Nvidia eGPUs on AMD Framework 13 with Arch Linux works surprisingly well

This is more of a fluff post sharing my experience than anything else, so that others that google it to see if it works or not can have an easier time. Some/a fair bit of this might be Nvidia specific, so proceed with caution.

Background

So I had an Nvidia 3060Ti flying around for half a year or so from a desktop computer where the card didn’t really work well with the motherboard and I really didn’t want to bring it back and deal with the orga of it all. Particularly since I was convinced the card worked and that the motherboard was somehow busted, but I really also didn’t want to rebuild the PC with a new motherboard just for that one card.

Therefore I wondered if I can just start ignoring my desktop PC entirely, particularly since boot times on that thing take forever, and just use the thing as an eGPU with my arch linux installation.

What I did / Semi-Guide

I watched a Learn Linux TV video about it (https://www.youtube.com/watch?v=UviWU-1--gU&t=1919s&pp=ygUSZUdQVSBsZWFyIGxpbnV4IHR2), bought a Razor Core X from ebay and tried it out. Now the setup was a fair bit annoying, from what I understand other Distros are far simpler about this because on arch you get to set this stuff up yourself.

Now, I was under Gnome and already using Wayland, so that already made things easier. Because from what I understand, eGPUs on X11 are also possible, but require more finageling with controls and I ran into issues when trying to go down that route like some error messages on boot such as " 1. ucsi_acpi GET_CABLE_PROPERTY failed (-5)".

So on Wayland, what I did was, install the proprietary 550 nvidia drivers via pacman and a couple more packages. So what I ended up with in terms of installed packages was:

  • nvidia 550.78-4
  • nvidia-prime 1.0-4
  • nvidia-settings 550.78-1
  • nvidia-utils 550.78-1
  • switcheroo-control 2.6-4 (this one is not mandatory, it’s just a convenience package that might not work under DEs other than Gnome)

switcheroo-controls needs to be enabled manually via systemd, so running:
systemctl enable switcheroo-control.service and systemctl start switcheroo-control.service.
This allows right-clicking on programs in the Gnome application overview and adds the option “run on external GPU”.

The important packages besides the driver here are prime, because that allows the command “prime-run”, through which we can tell an application to run on the Nvidia eGPU. And then for a given CLI command we can now just use prime-run <command> and it’ll run on the eGPU. In steam, you’ll need to set prime-run %command% in the Launch Options of the game you want to play like this.

Result

The end result is now a framework laptop that works perfectly fine as it is 95% of the time, and the 5% of the time I actually need some extra juice or want to crank up the graphical fidelity I can just plug in the eGPU.

Even better, I can hot plug that thing (into one of the lower/more to the front positioned ports, the upper ports are not full USB4 after all) and the eGPU enclosures I use even charges the laptop while connected this way.

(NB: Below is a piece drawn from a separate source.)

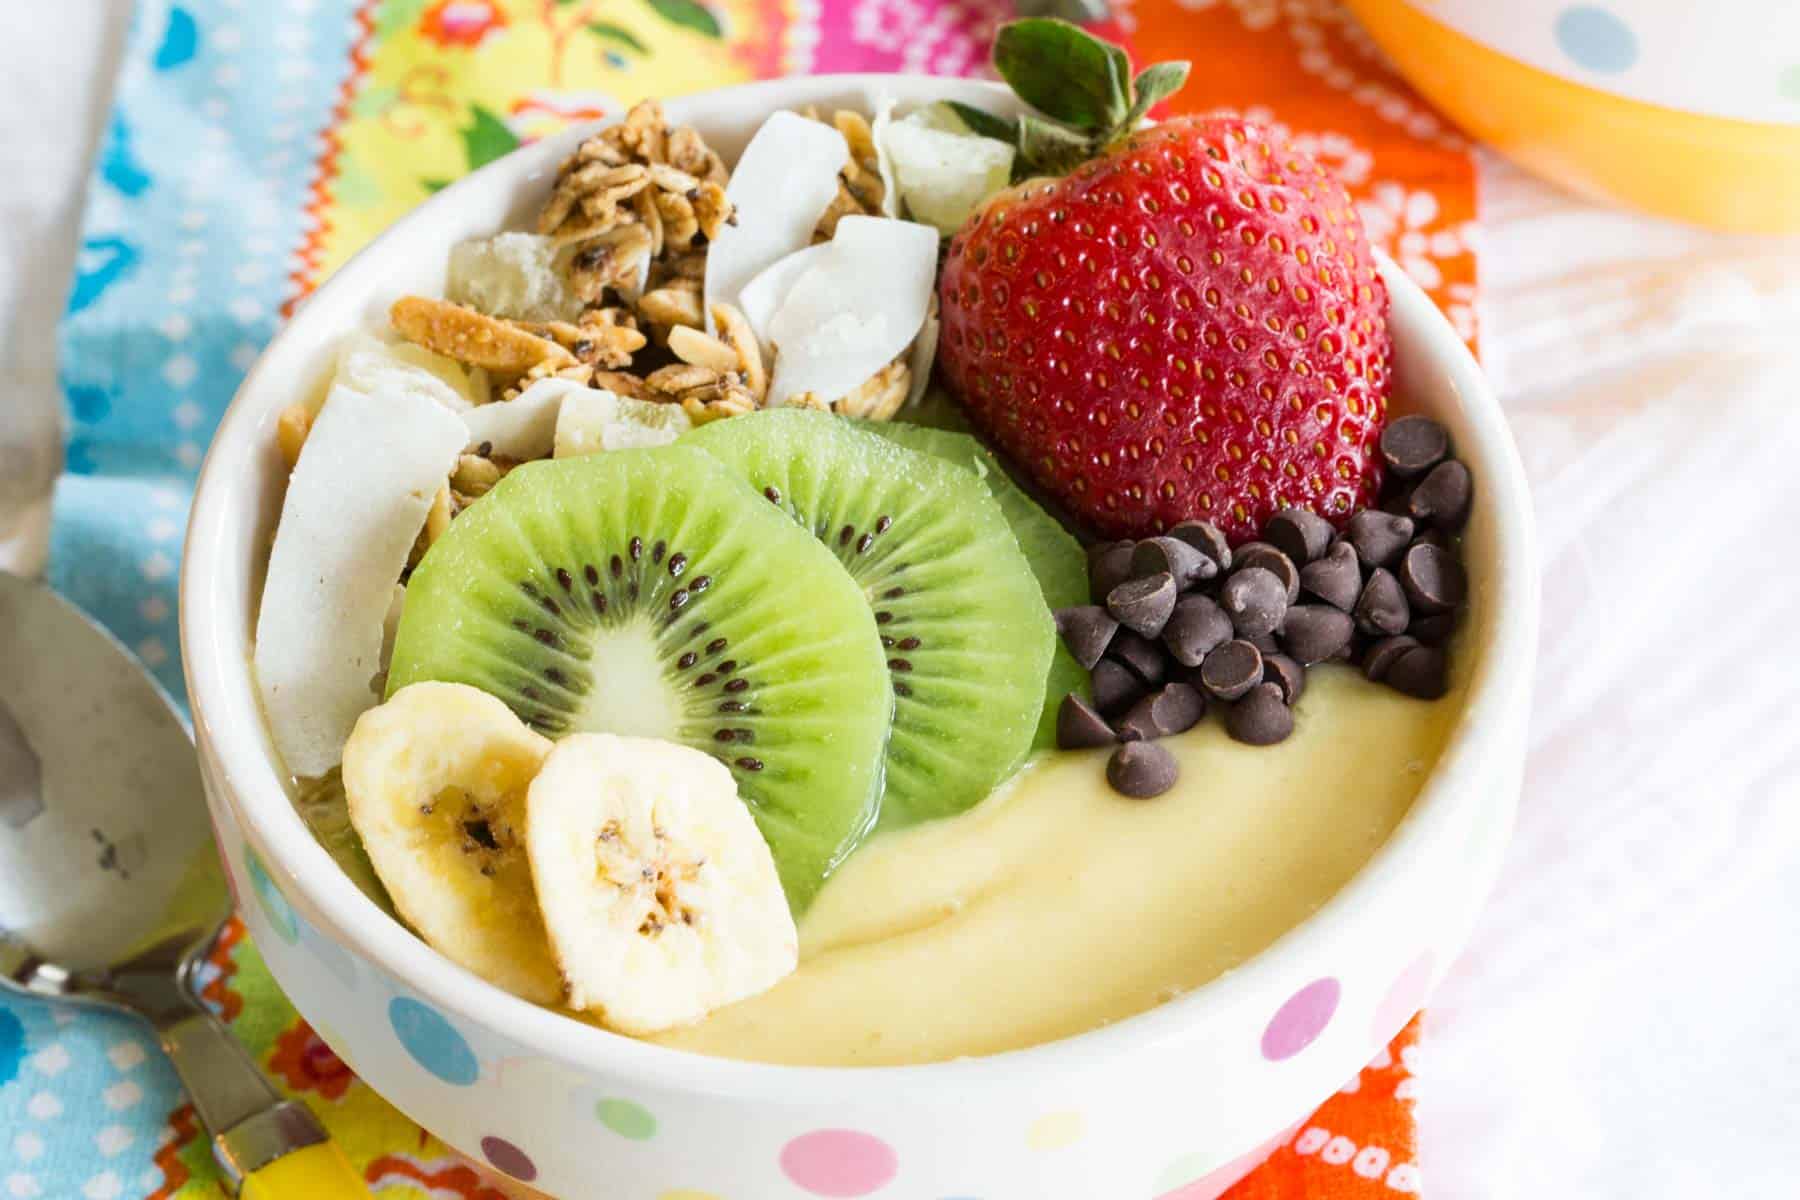 pink and white polka dot bowl filled with a thick pale yellow smoothie and fruit and granola on top

This does have drawbacks. I’m pretty sure I’m feeling some latency going on here or there and I see the odd frame-glitch here or there occasionally, though I’ve been told that the new nvidia driver that currently is in beta will take care of that. Further, I’m happy to accept those drawbacks if I can make use of the hitherto believed to be unuseable GPU that I had + my no longer having to deal with a desktop PC that takes 30+ seconds to boot when the framework with arch does a full boot in like 15s.